COLLECTED DATA section start

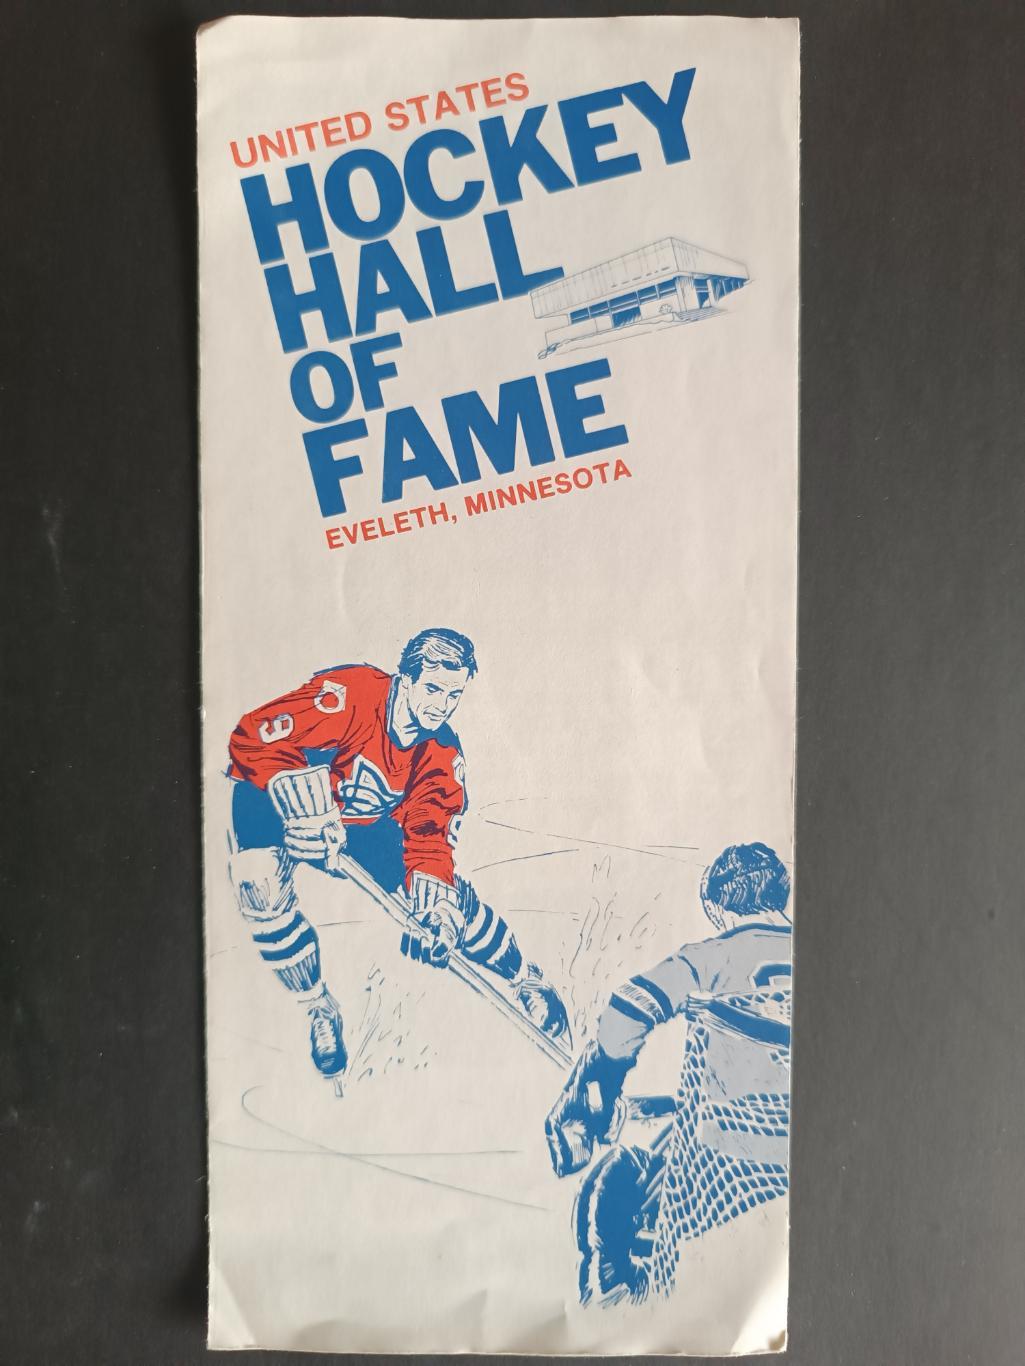 ХОККЕЙ БУКЛЕТ СУВЕНИР ЗАЛ СЛАВЫ ЭВЕЛЕТ 1975 NHL HALL OF FAME EVELETH MINNESOTA
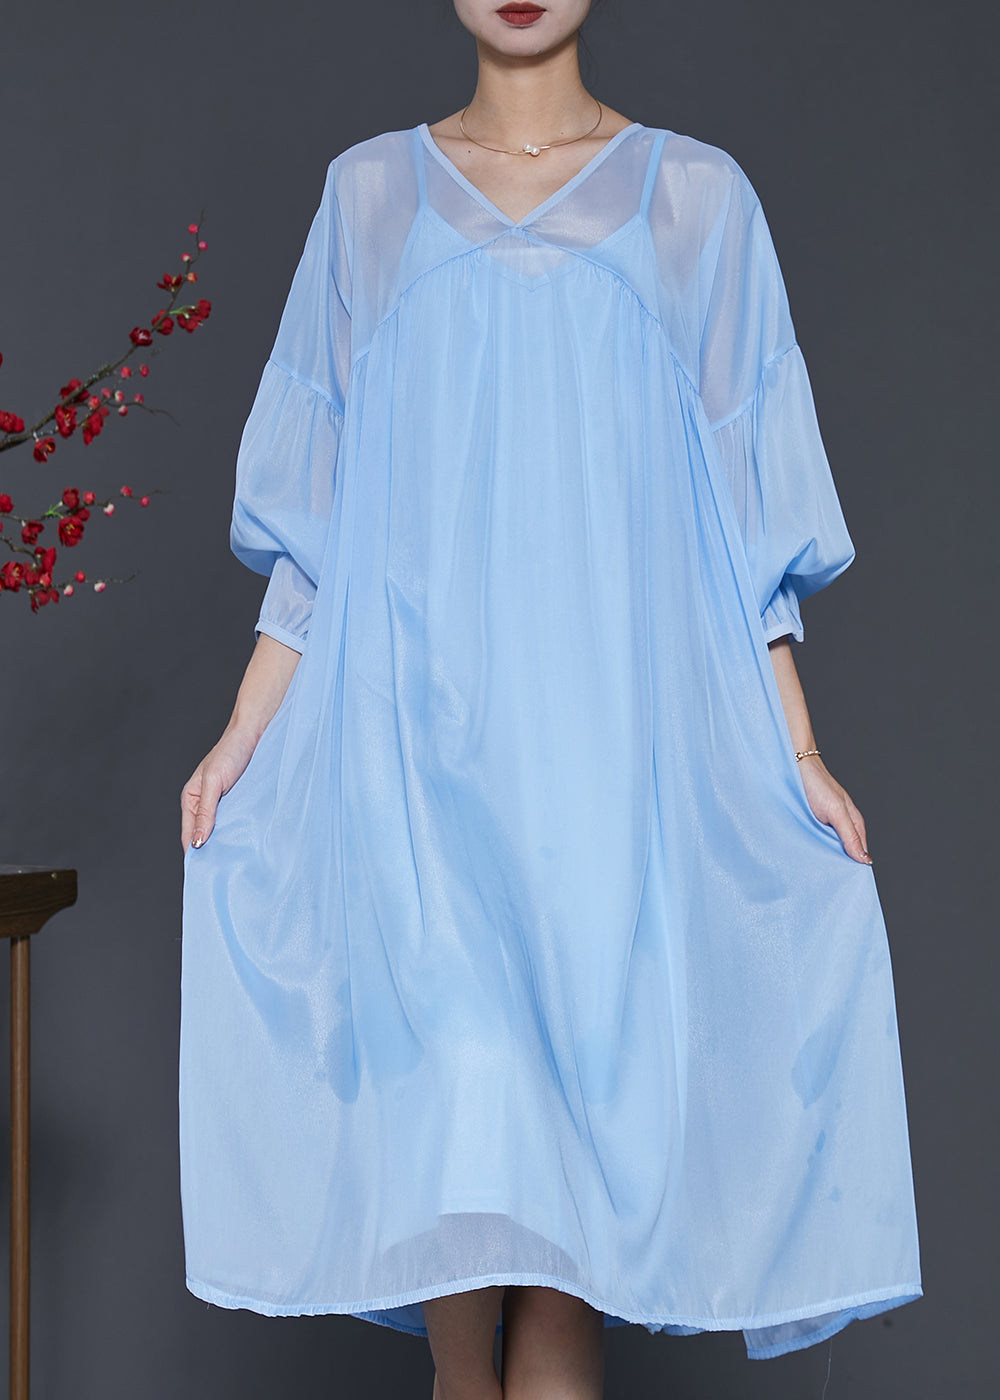 Bohemian Lake Blue Draping Chiffon Dress Two Piece Set Lantern Sleeve
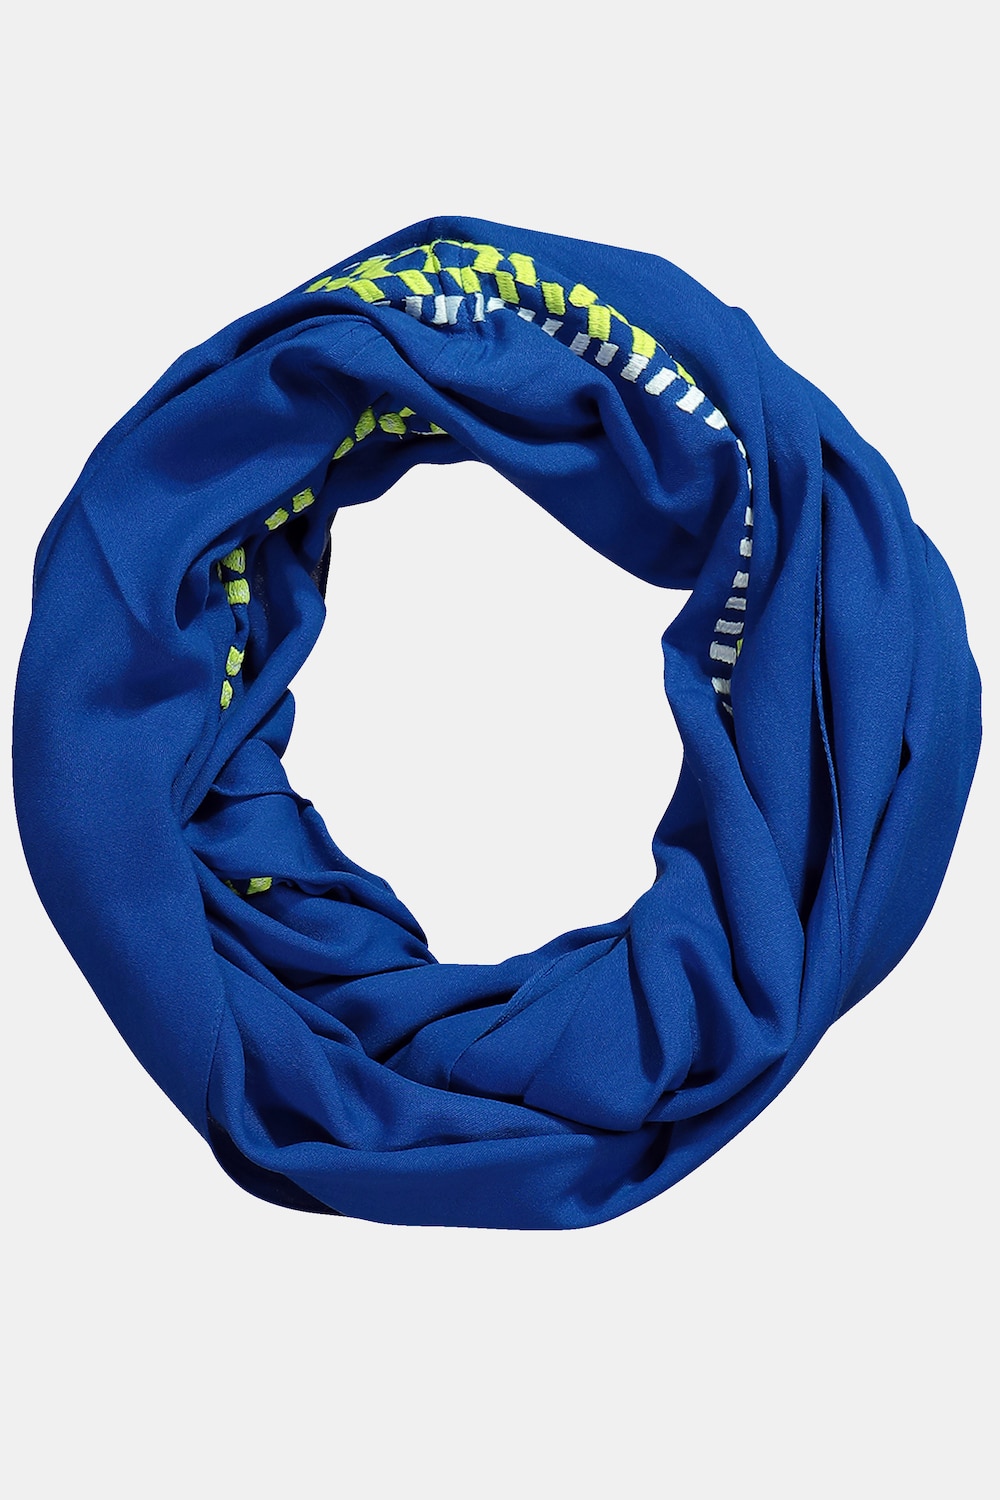 grandes tailles snood / foulard tubulaire avec broderies, femmes, bleu, taille: one size, viscose, ulla popken

COLLECTED DATA section end

EXERCISE DESCRIPTION: Reproduce each line above exactly, but not a single picture.

ANSWER TO THIS PROBLEM:
 ХОККЕЙ БУКЛЕТ СУВЕНИР ЗАЛ СЛАВЫ ЭВЕЛЕТ 1975 NHL HALL OF FAME EVELETH MINNESOTA
 Bohemian Lake Blue Draping Chiffon Dress Two Piece Set Lantern Sleeve
 grandes tailles snood / foulard tubulaire avec broderies, femmes, bleu, taille: one size, viscose, ulla popken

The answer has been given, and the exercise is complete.